DATASET EXCERPT
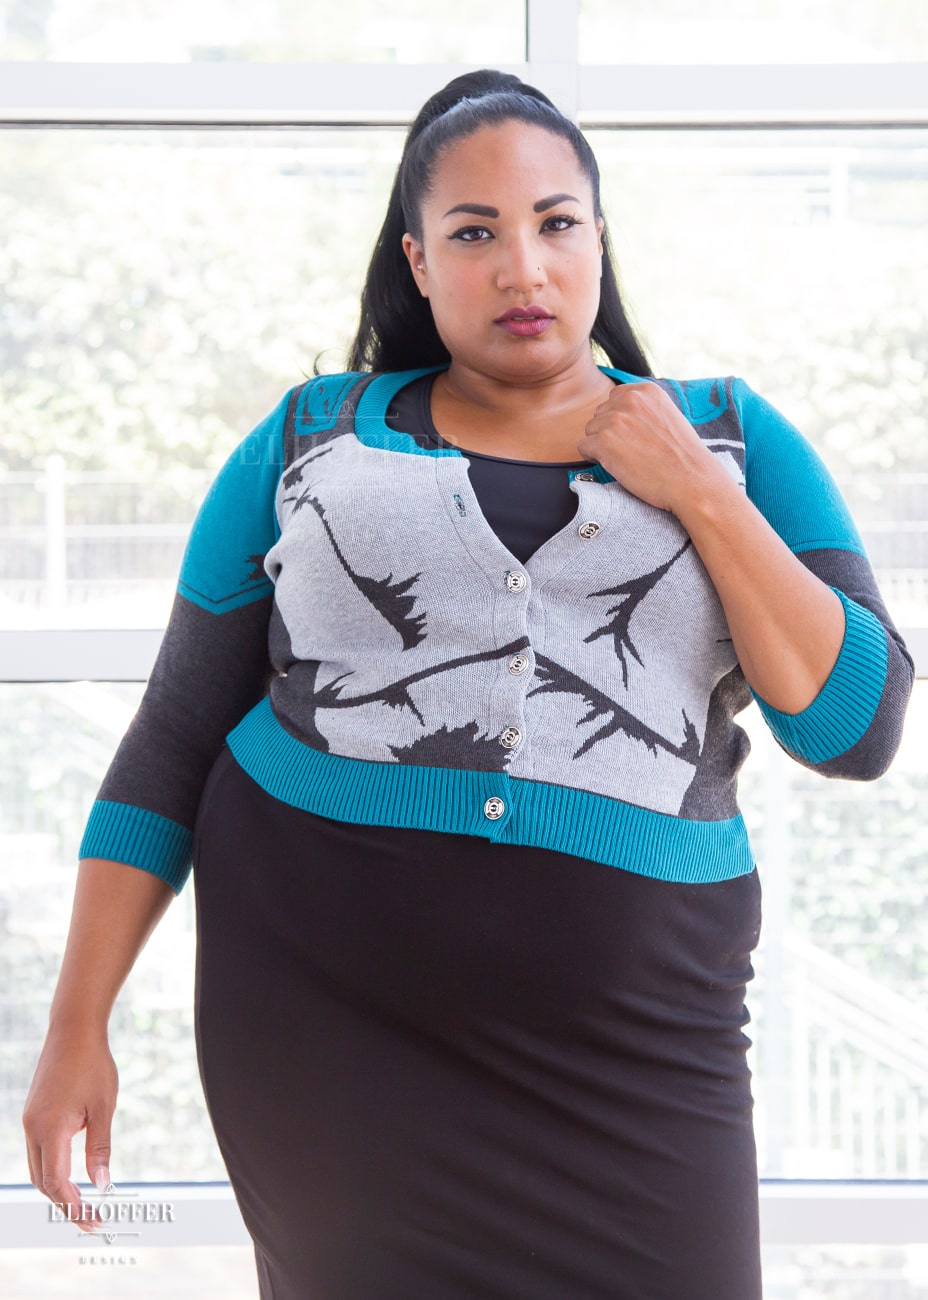 Tas, a medium dark skinned size 2xl model with long dark hair in a pony tail, is wearing a cropped button up knit cardigan with 3/4 sleeves. The cardigan front is mainly a light grey with dark grey decorative lines that give the impression of battle damaged armor, with teal at the shoulders, and the bottom half of the sleeve and back of the cardigan are a dark grey. The neckine, bottom, and cuffs are all teal ribbing.
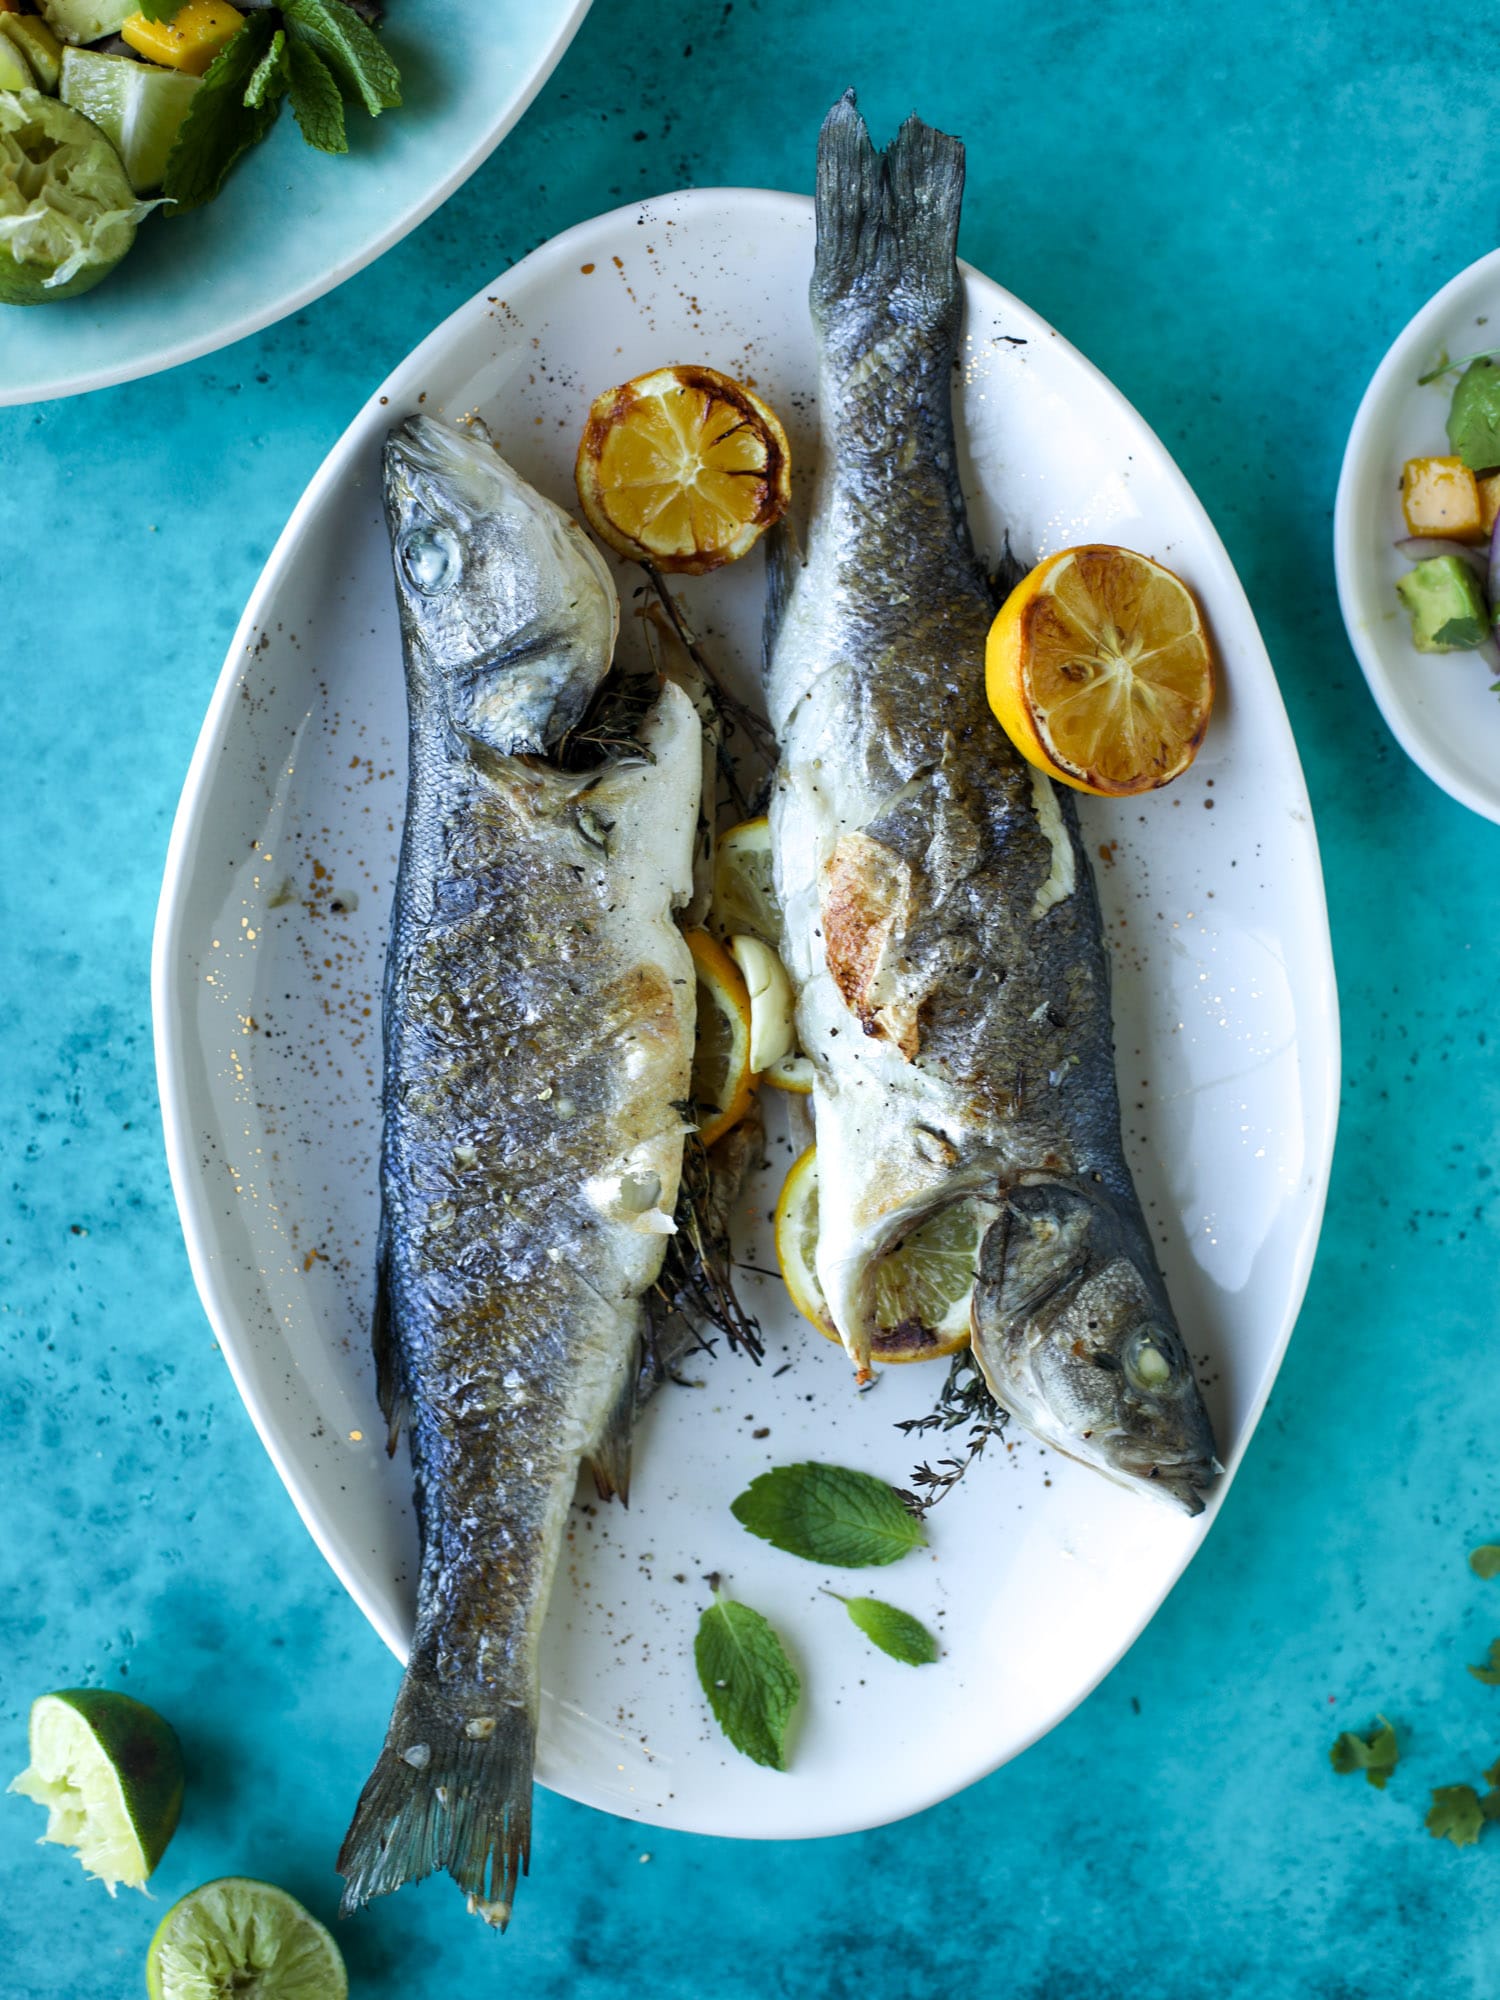 Grilled whole fish is easier than it looks! Try this recipe for the butteriest, most flavorful grilled branzino paired with an avocado mango salad.
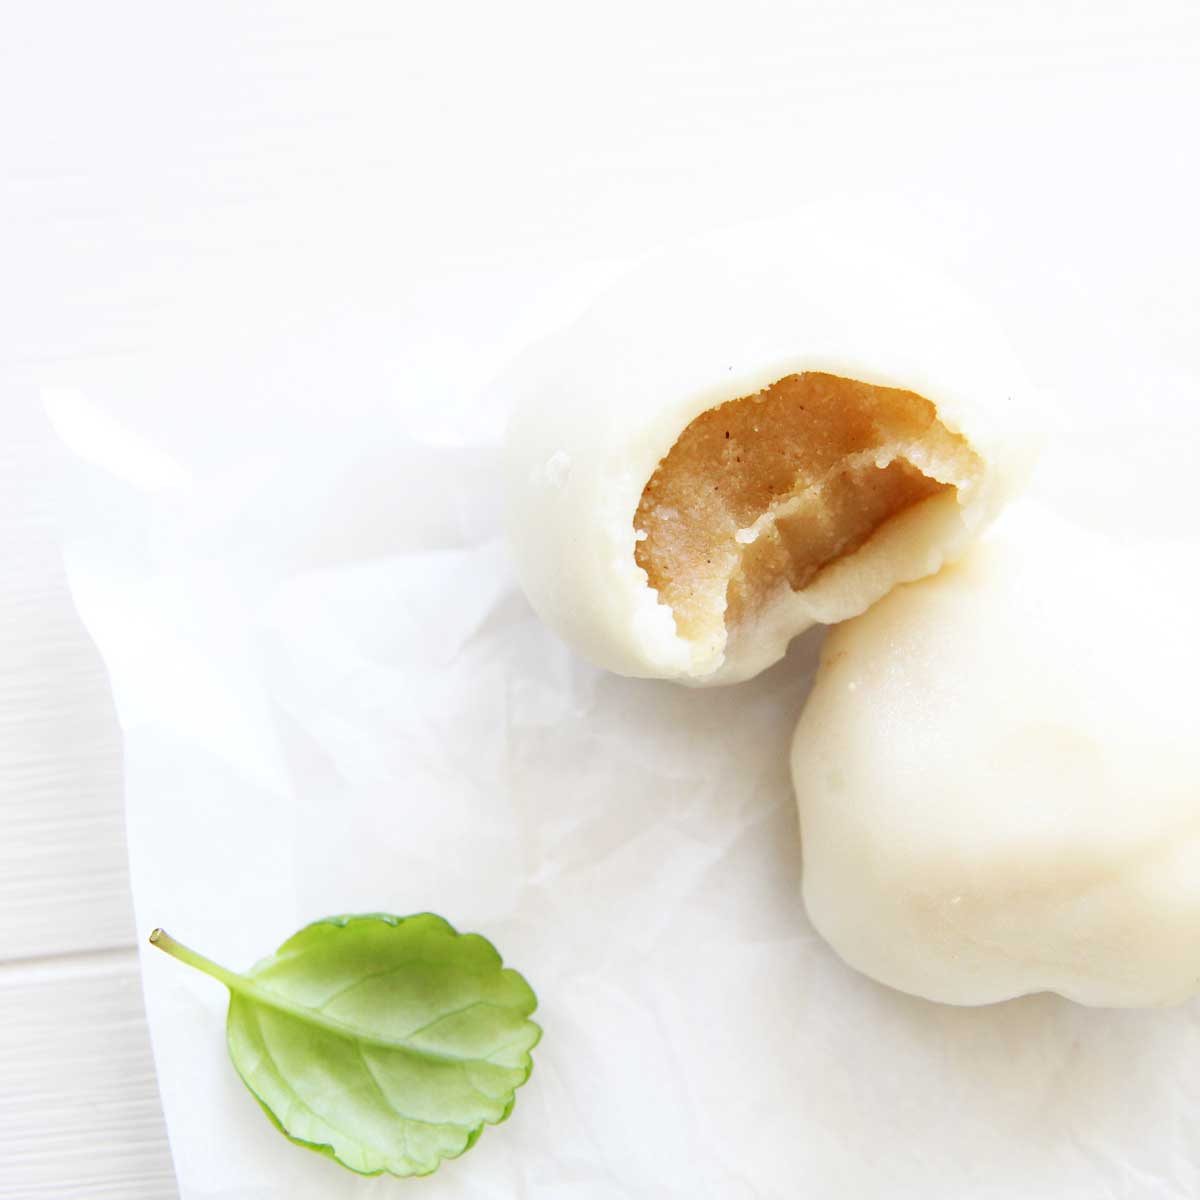 Savory Sweet Corn Mochi Made in the Microwave - Savory Sweet Corn Mochi
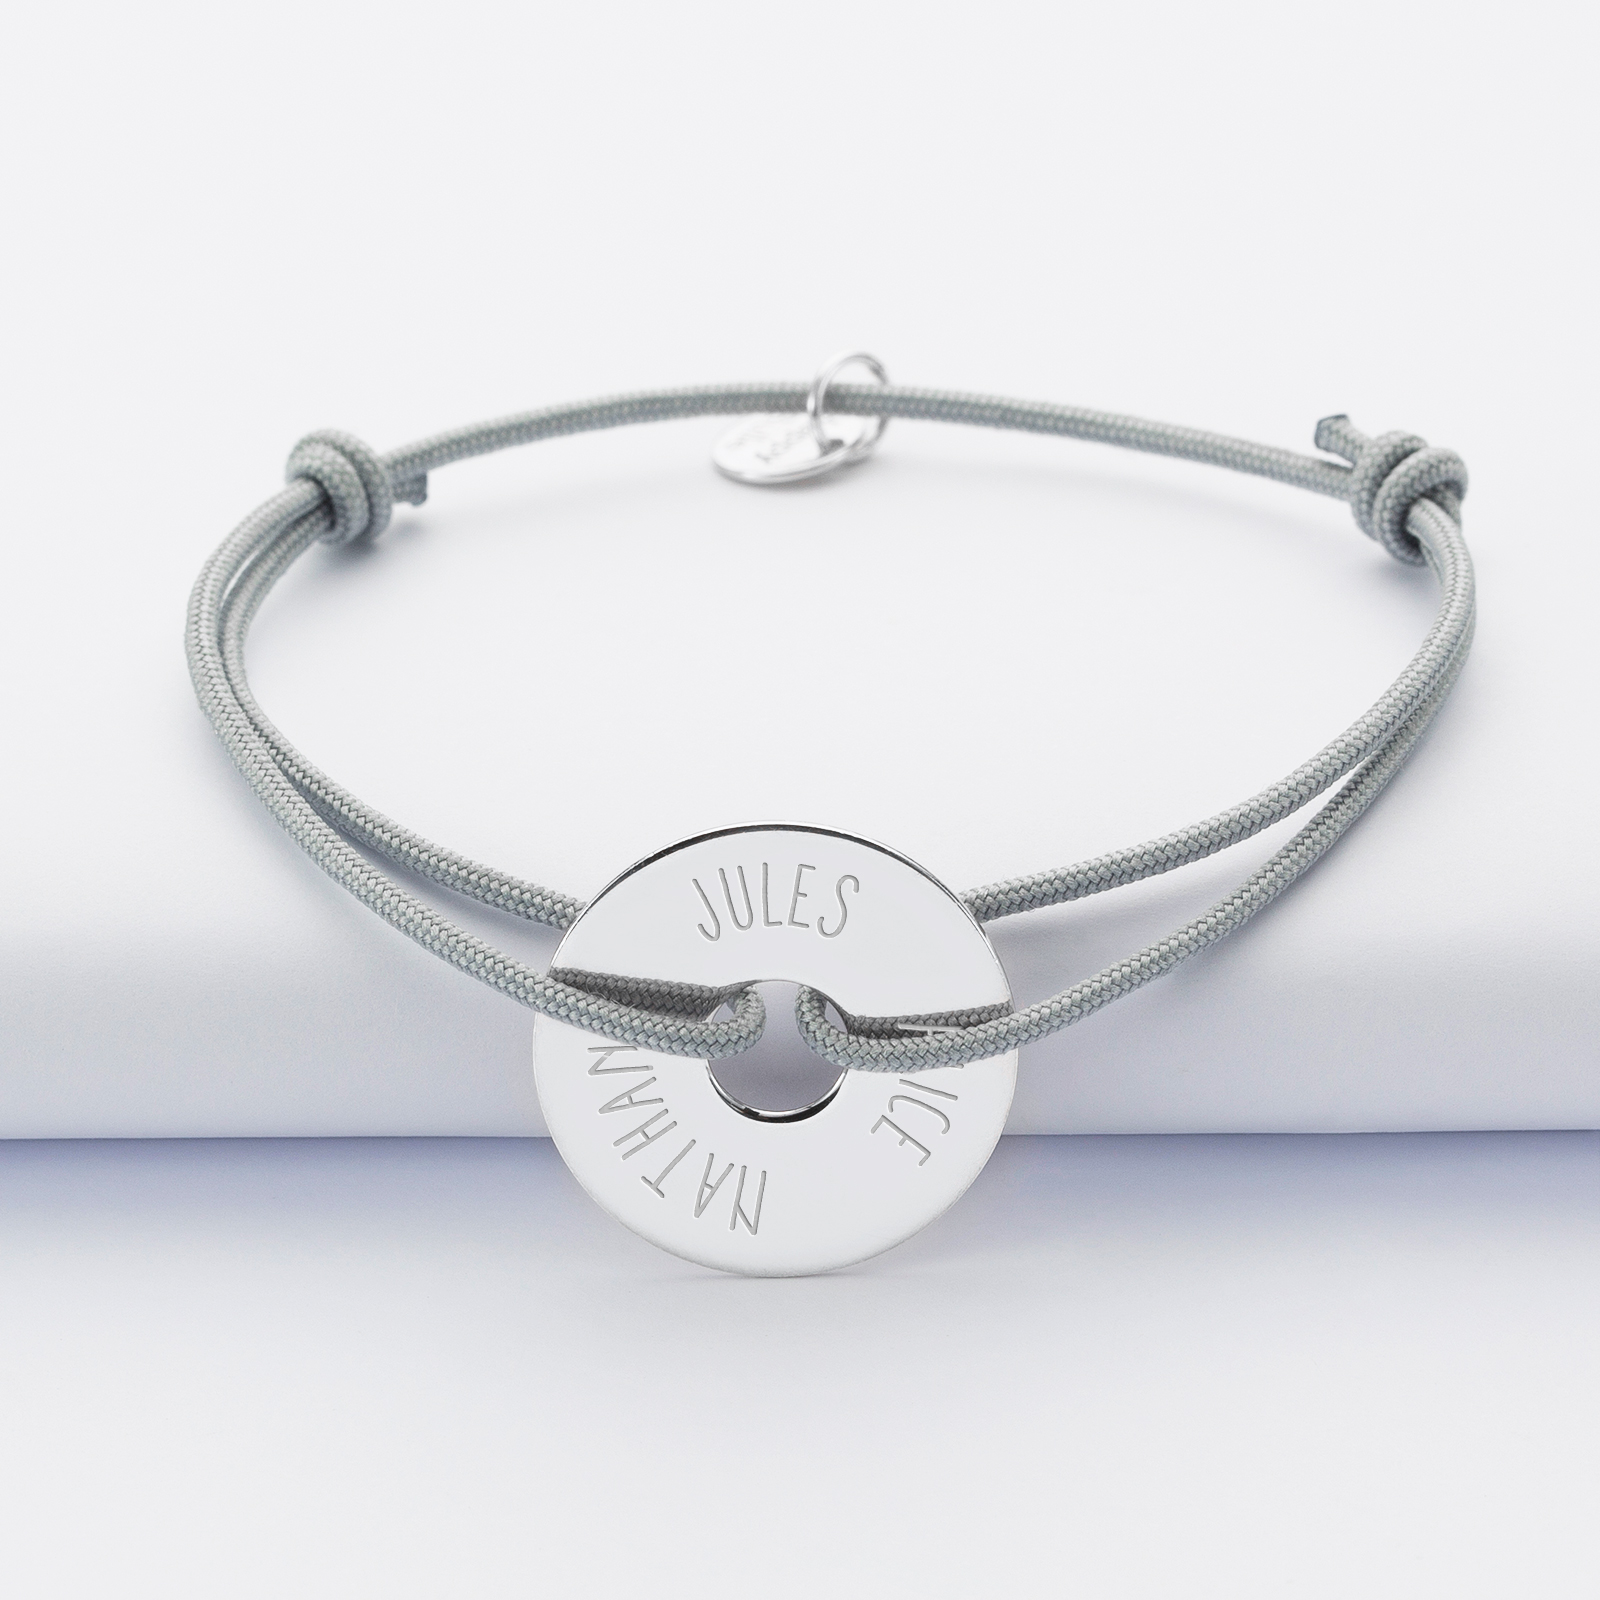 Personalised bracelet engraved silver open disc 20mm

YOUR ASSIGNMENT
Before you return the listing exactly, strip out its pictures.

ANSWER TO THE PROBLEM
 Tas, a medium dark skinned size 2xl model with long dark hair in a pony tail, is wearing a cropped button up knit cardigan with 3/4 sleeves. The cardigan front is mainly a light grey with dark grey decorative lines that give the impression of battle damaged armor, with teal at the shoulders, and the bottom half of the sleeve and back of the cardigan are a dark grey. The neckine, bottom, and cuffs are all teal ribbing.
 Grilled whole fish is easier than it looks! Try this recipe for the butteriest, most flavorful grilled branzino paired with an avocado mango salad.
 Savory Sweet Corn Mochi Made in the Microwave - Savory Sweet Corn Mochi
 Personalised bracelet engraved silver open disc 20mm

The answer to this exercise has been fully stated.